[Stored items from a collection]

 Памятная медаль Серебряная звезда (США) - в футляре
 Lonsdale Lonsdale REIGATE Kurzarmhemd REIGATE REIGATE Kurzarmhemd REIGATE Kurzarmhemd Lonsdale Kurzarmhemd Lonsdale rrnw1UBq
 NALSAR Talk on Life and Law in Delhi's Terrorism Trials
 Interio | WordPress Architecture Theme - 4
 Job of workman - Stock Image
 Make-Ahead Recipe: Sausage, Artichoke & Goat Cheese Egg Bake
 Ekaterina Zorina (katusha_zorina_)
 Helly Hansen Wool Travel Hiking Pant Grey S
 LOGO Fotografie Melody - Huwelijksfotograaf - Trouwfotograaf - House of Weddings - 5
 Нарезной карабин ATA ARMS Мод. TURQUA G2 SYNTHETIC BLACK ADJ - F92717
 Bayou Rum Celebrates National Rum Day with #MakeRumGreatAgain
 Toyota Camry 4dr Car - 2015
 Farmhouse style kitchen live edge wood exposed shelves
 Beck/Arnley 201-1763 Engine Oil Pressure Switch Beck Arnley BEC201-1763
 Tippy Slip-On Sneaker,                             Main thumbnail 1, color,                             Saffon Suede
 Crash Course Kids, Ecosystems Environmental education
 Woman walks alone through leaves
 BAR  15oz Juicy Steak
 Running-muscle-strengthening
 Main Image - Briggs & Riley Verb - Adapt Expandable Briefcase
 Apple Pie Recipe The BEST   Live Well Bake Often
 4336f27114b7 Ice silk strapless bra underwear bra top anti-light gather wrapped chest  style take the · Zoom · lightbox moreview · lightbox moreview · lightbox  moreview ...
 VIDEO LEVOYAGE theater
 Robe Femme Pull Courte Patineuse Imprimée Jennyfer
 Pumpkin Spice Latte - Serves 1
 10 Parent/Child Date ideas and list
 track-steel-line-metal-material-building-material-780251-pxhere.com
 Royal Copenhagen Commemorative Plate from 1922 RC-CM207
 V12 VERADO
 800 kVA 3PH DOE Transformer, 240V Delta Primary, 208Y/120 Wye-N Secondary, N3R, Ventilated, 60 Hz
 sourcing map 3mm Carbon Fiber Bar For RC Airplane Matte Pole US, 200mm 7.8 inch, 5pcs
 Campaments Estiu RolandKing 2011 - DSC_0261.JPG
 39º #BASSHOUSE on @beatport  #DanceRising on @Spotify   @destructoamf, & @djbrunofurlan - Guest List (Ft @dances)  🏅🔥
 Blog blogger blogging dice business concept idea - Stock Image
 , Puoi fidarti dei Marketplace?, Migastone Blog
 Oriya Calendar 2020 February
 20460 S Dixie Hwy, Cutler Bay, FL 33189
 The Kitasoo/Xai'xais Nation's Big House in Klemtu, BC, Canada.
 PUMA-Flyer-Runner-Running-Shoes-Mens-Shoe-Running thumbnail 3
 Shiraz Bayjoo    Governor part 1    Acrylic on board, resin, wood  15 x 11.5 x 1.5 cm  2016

[About this exercise] The lines to return are those in the entries above that hold "style".

[Task solution]
 Farmhouse style kitchen live edge wood exposed shelves
 4336f27114b7 Ice silk strapless bra underwear bra top anti-light gather wrapped chest  style take the · Zoom · lightbox moreview · lightbox moreview · lightbox  moreview ...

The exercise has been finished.